In stories, there comes a point where the protagonist faces something about themselves, where they realize that what they thought they wanted or needed wasn’t what they truly needed. To move forward, they need to make a tremendous change. They risk losing something vital either way, as all decisions entail risk or loss.

The same goes for learning, even ideas, crafts, new skills or otherwise. Somewhere along the way, when studying in a class or course, when learning from a mentor, we face this moment, this threshold of change. If there was no change, there would be no learning.

Learning, beyond some ability to regurgitate by rote, is a fundamental refashioning of our own fabric. And what can be as scary as changing ourselves?

But there is this beautiful idea I’d read from Paul Tillich – that anxiety is directed at some unclear cloud, while fear is directed at a single object. While anxiety is pervasive, we can point to a fear.

When we pay attention to our worries, they become fears – something we directly see. While this might seem terribly unwanted, it is again the same as it is in story.

Once we have an object to fear, once we can point at it, we can now mount courage. Looking at the fear, we can ask:

> “What about this do I fear?”

It’s not about throwing one’s self into something new, taking impulsive risks, or the like.

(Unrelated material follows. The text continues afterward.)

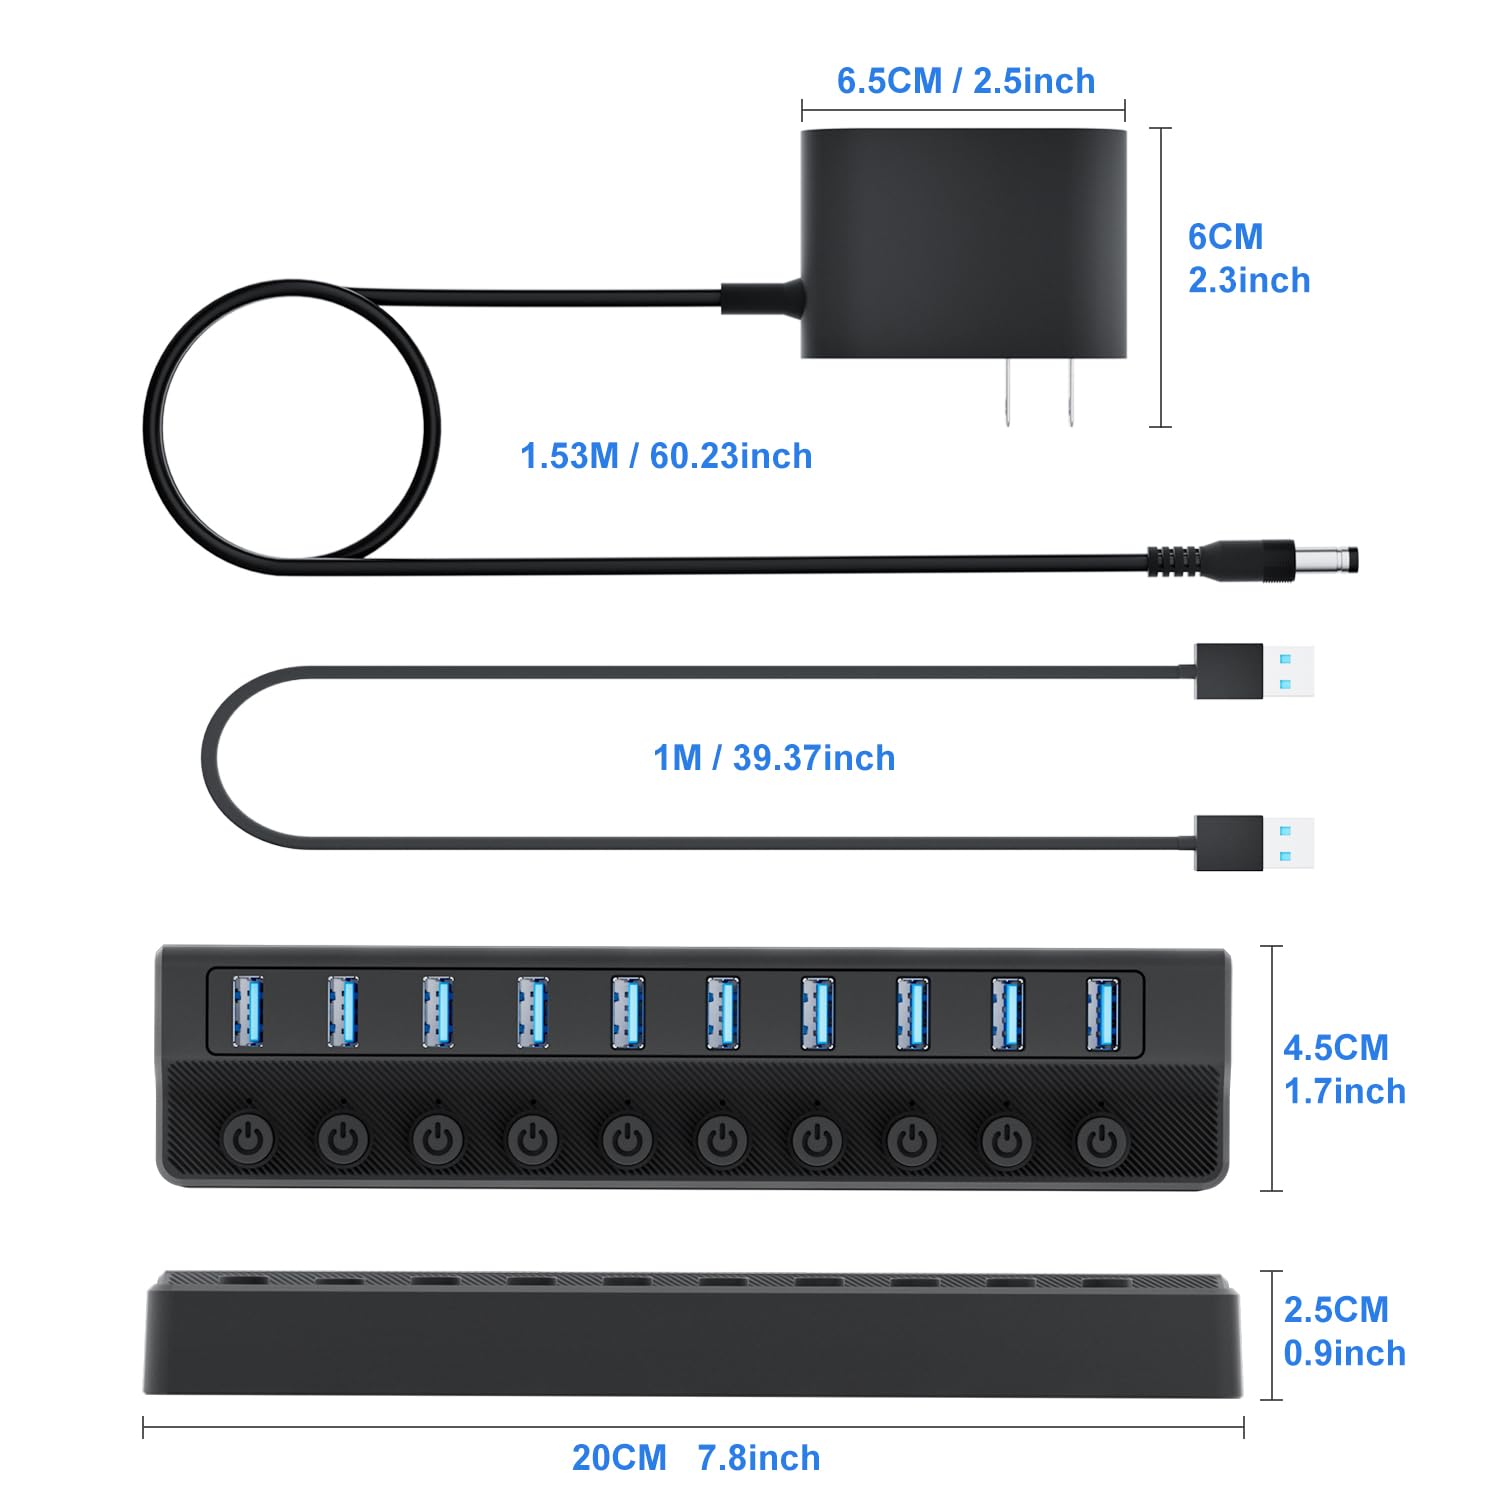 Onfinio Powered USB Hub 3.0, 10-Port USB Splitter Hub with Individual On/Off Switches and 12V/2A Power Adapter USB Extension for MacBook, Mac Pro/Mini and More

It’s fine and often preferable to be calculated in taking action. We can always pause and allow our thoughts and ideas, emotions and concerns to settle. But once they have, once new information is no longer coming in, once new creative approaches no longer come to mind, our options are now in front of us.

Any decision involves risk or loss. Otherwise, there would be no decision. And with the realization that not acting is as much a decision as any other, we can then…

Act.

Learning is an action, and one that involves risk and loss, sometimes solely the most precious resource of time, and often more. But as an action, it is one we can consciously decide to take on in order to discover and move forward.

## Summary

Learning begins with a clear and conscious decision.